This article has described the basic version of an arrangement that can create the near ideal Digital Filter characteristics without those unwanted delays. This arrangement has been proven and used in commercial and research projects.
The basic version concept is based on a Digital Filter that provides its output values 1 sample earlier than required (-ve latency DSP) such that the other unwanted sampled-data delays can be cancelled out. This Digital Filter is then combined with a simple gain (with frequency shaping if wanted), to result in a signal processing arrangement that provides the precision characteristic required, without significant unwanted latency "Zero Latency signal-processing".
bandwidth of operation now has to be considered in 2 parts. the gain
with optional shaping is the limiting factor at high frequencies and is
only limited by the devices used. The present TI VCA824
device has a 0.1dB Gain Flatness to 135 MHz. The sampled-data part is
limited by ADC, DSP/FPGA computaion, DAC and other delays. The present
basic version hardware can operate at a sample rate of around 2Msps. An
enhanced version using the same hardware will probably improve to around
4Msps. An upgrade of ADC and FPGA (Cyclone 10 GX) is anticipated to move the sample rate into the 10's Msps, with high frequency characteristics > 100MHz. The Xilinx Versal devices perhaps have the potential to provide substantial additional performance.
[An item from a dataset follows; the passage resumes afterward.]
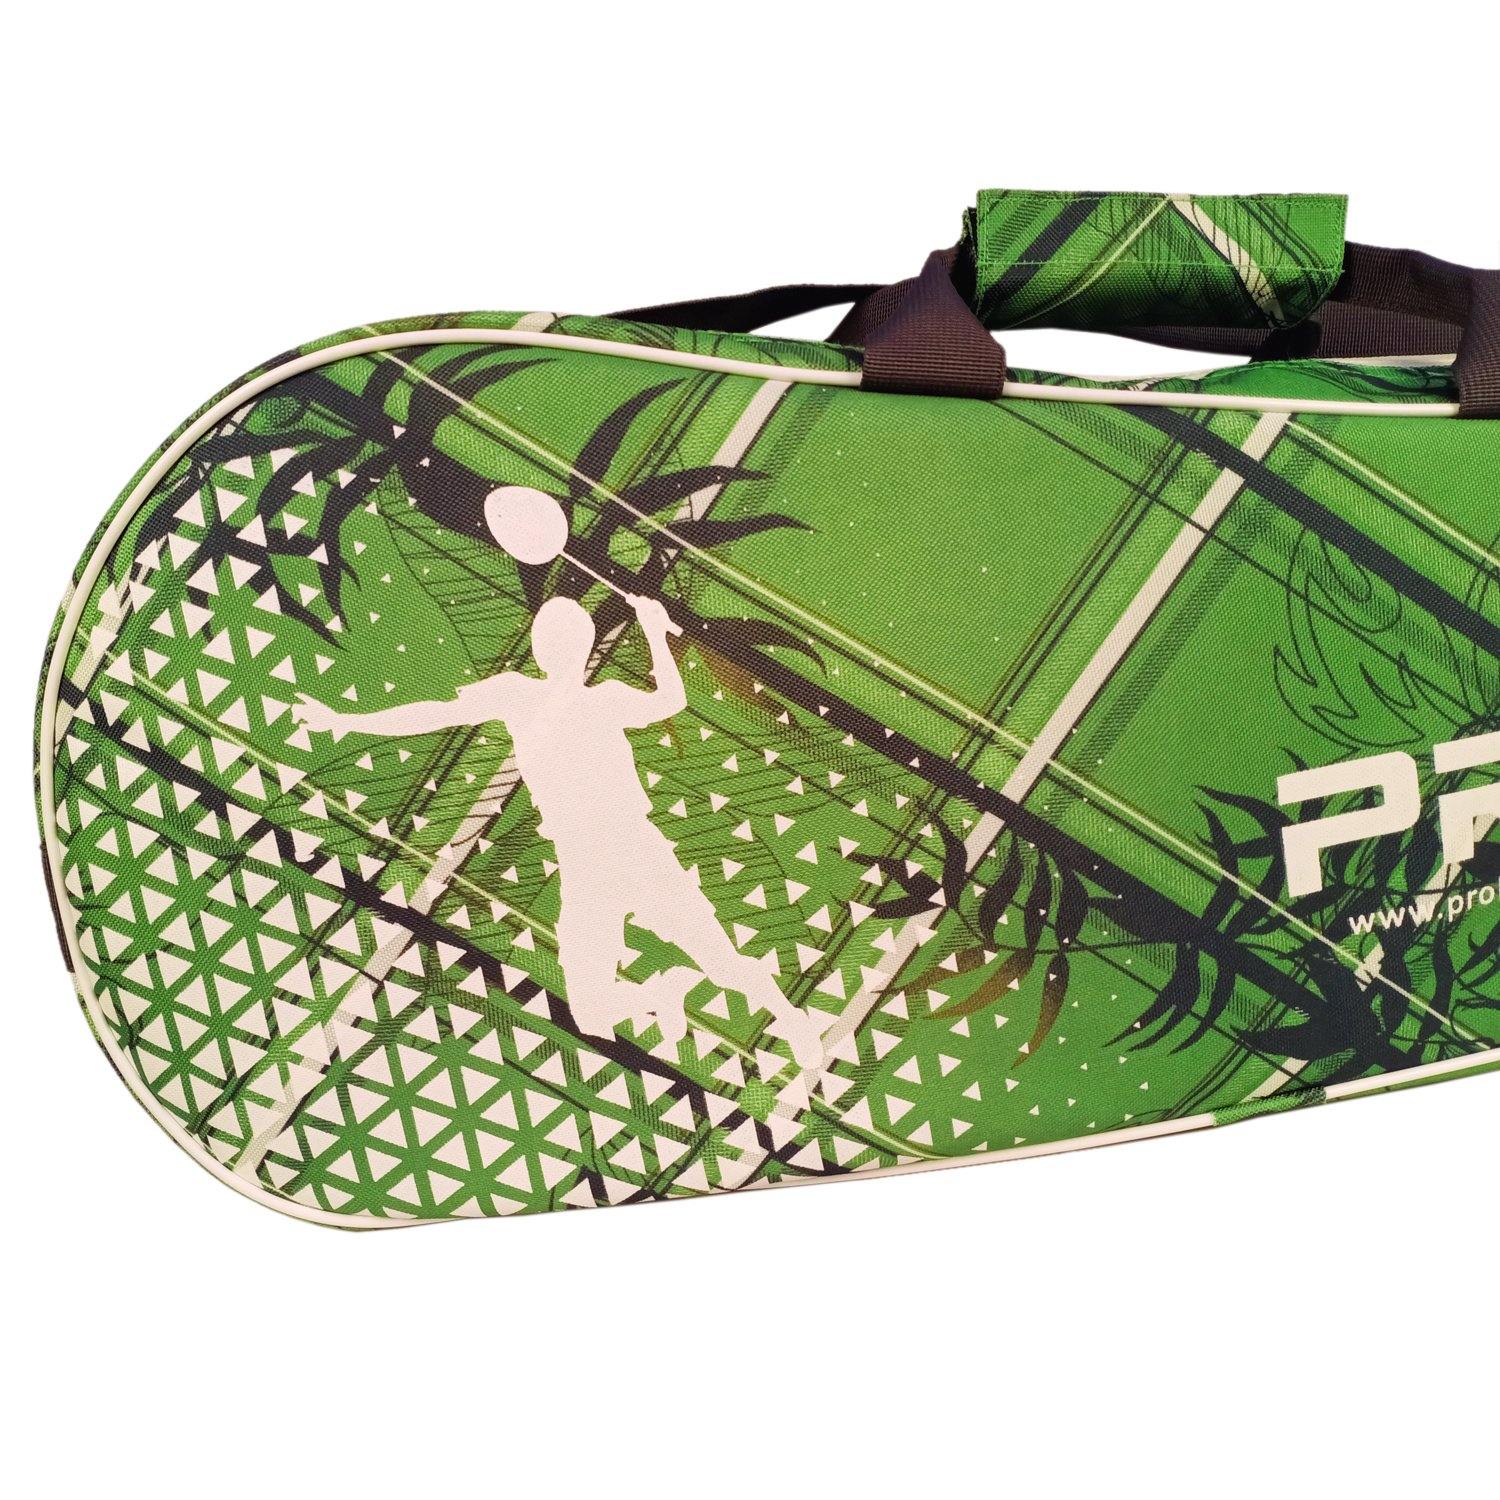 Prokick Badminton Kitbag with Double Zipper Compartments - Green Graffiti - Best Price online Prokicksports.com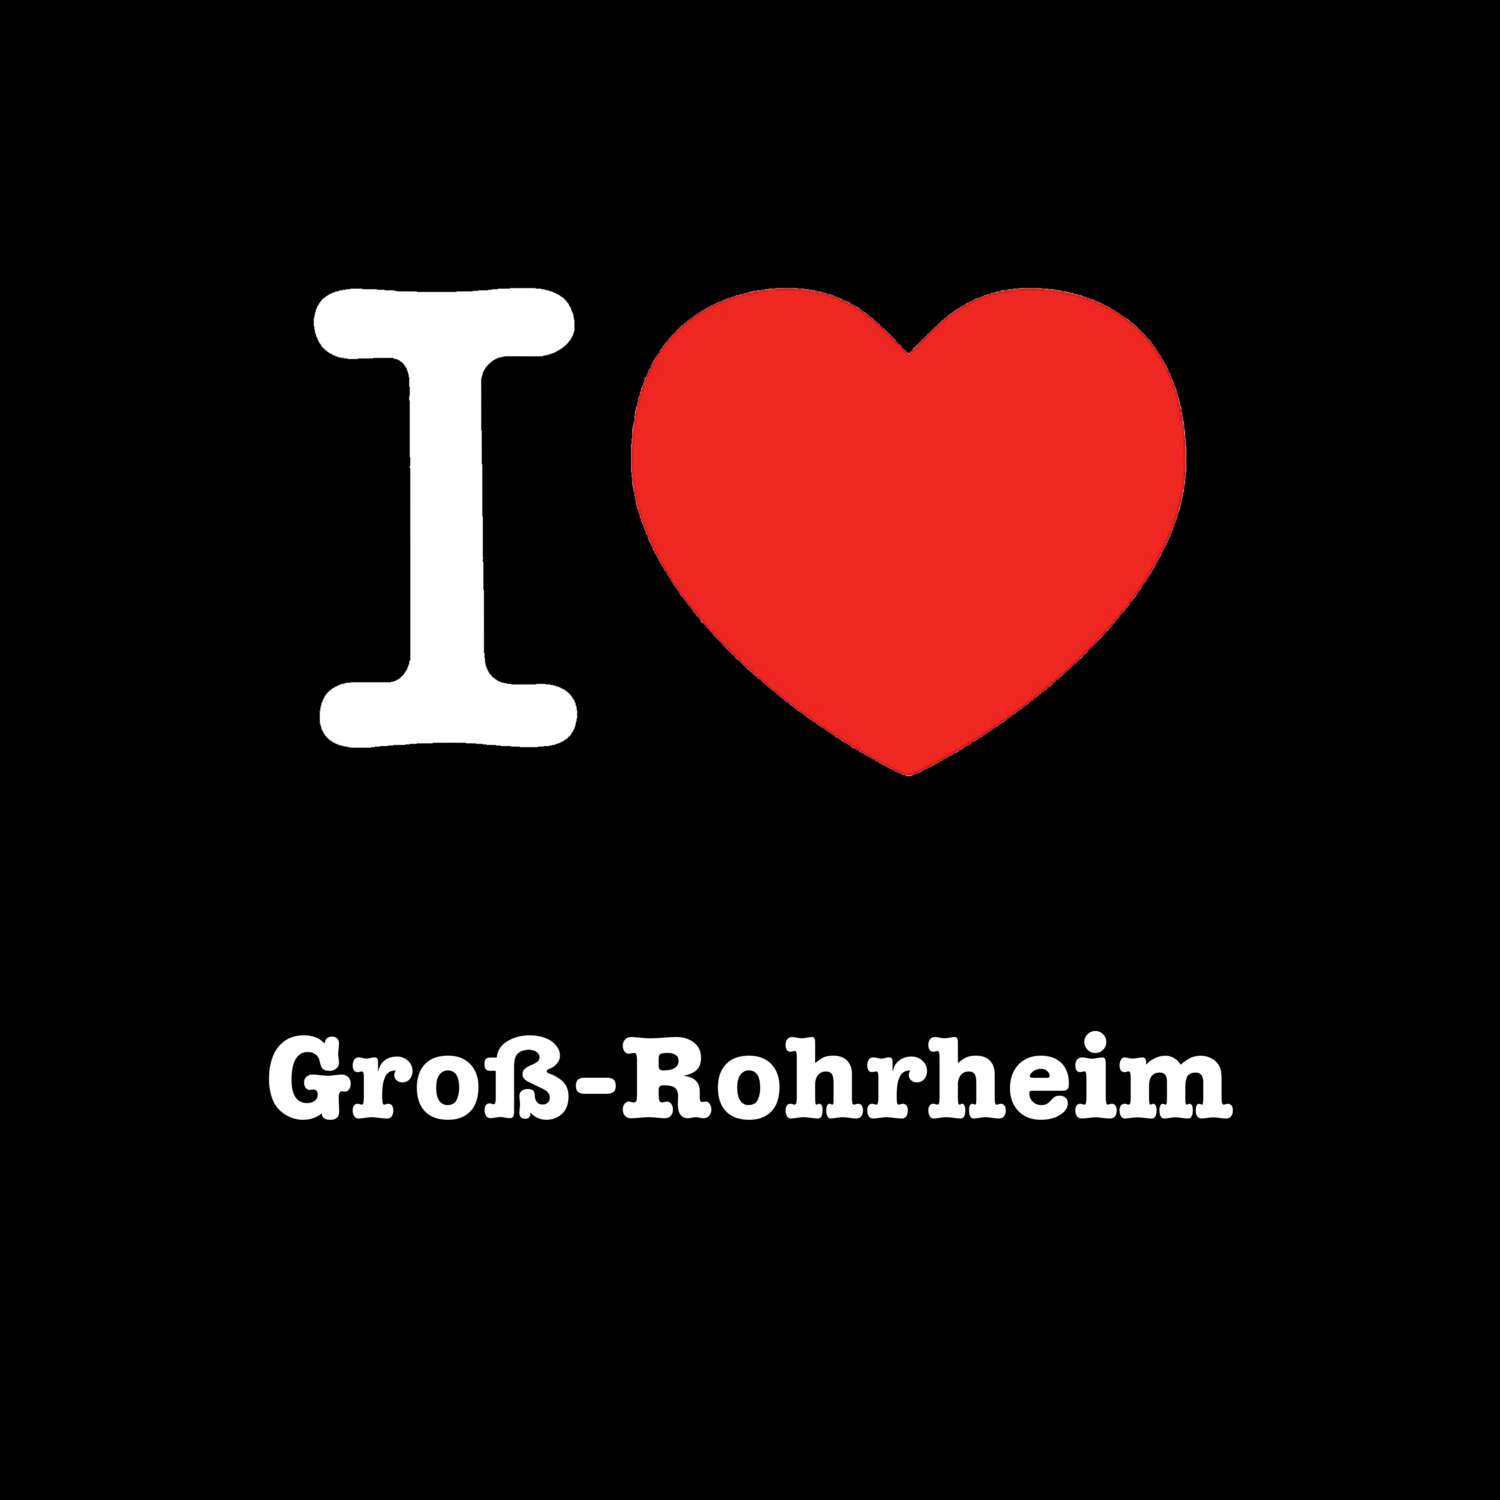 Groß-Rohrheim T-Shirt »I love«

A solid basis for signal processing without unwanted latency has been presented and proven in practice for real-world applications. Extensions to the basic arrangement have been developed to provide enhanced performance. Further substantial improvements are envisaged with an upgrade to key Mixed-Signal and FPGA devices.
The original patent
arrangement was developed because the closed-loop circuit emulator
required it. I assume that other demanding applications may yet come to
6. Overall Project Discussion and Conclusions
This project was conceived to combine many of my technical interests into a single project and to present the various facets of an electronics engineering project from conception to working system to anyone that might be interested in some or all of its aspects.
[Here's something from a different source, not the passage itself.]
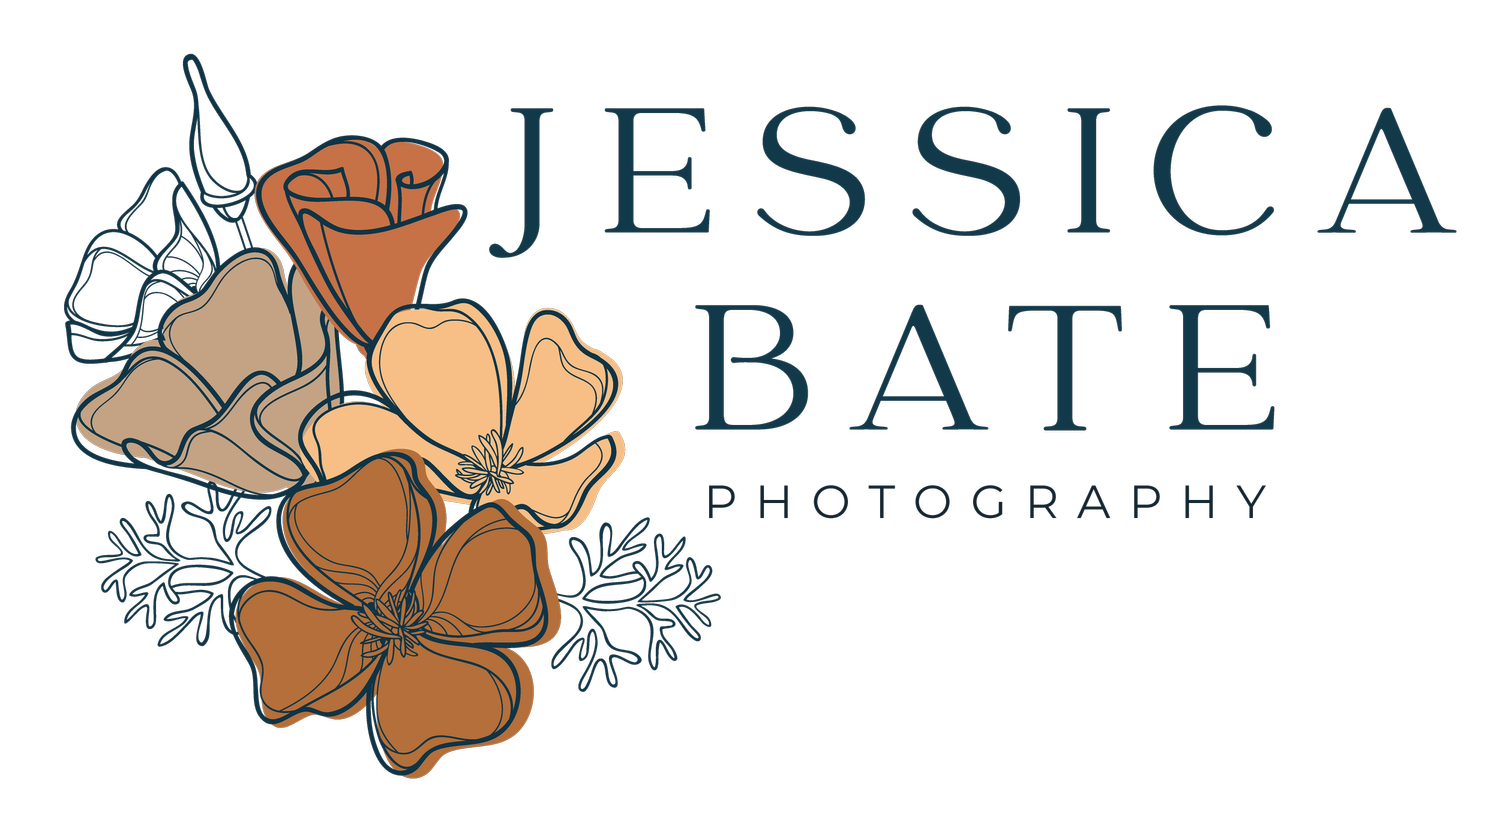 Jessica Bate Photography

The original circuit emulator application was based round an Analog Devices Sharc DSP and operated at a sample-rate of 200ksps. The current design uses an Intel Cyclone V FPGA and operates at 2Msps with option for around 4Msps. A Cyclone 10 GX and associated upgrades may move the sample-rate up to 20Msps and so we progress. Of course, the FPGAs also have the benefit of massively concurrent operation to provide vastly increased complexity over the original dual-core DSP.
As with any project there are joys, surprises and bumps in the road.
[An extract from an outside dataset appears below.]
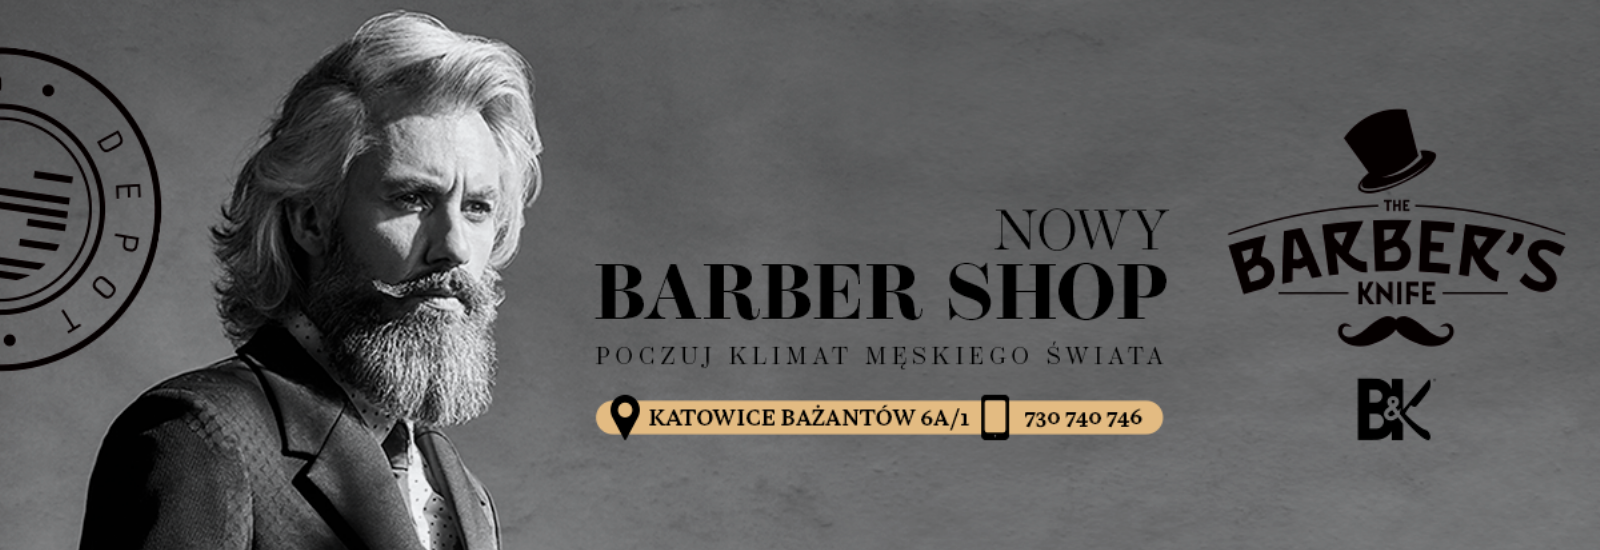 The Barber's Knife Bażantów, Katowice, slider-do-aktualnosci

Some less desirable aspects were :-
- It took much longer than desired
- Changing Schematic/PCB CAD package part way through
- Frying a section of circuit when probing a sensitive signal pin adjacent to a power rail
- Ending up with more spurious port capacitance than wanted despite being careful during the design ( although, even that turned out to be removable with the help of DSP )
- Disappointment that the Cyclone V floating-point maths latency is so high
- Innovations for improving floating-point DSP oscillators
- Innovations for extending the basic "Zero-latency signal-processing" arrangements
- Developing an efficient Gain/Phase/Latency, high-resolution frequency response measurement system
- Making it all work
- Helpful vendors providing samples and technical support
Next steps ?
Having proved all the basics with a selection of simple transfer
functions, the next step might be to develop multiple and more complex
transfer functions and to optimize the FPGA operation for faster sample
rates. Applications requiring irrational transfer function filters are
very appealing. But, my feeling is that the Cyclone V is near its maths
latency limit and a lot of energy would go into meeting the set-up and
hold constraints within the FPGA for more complex examples.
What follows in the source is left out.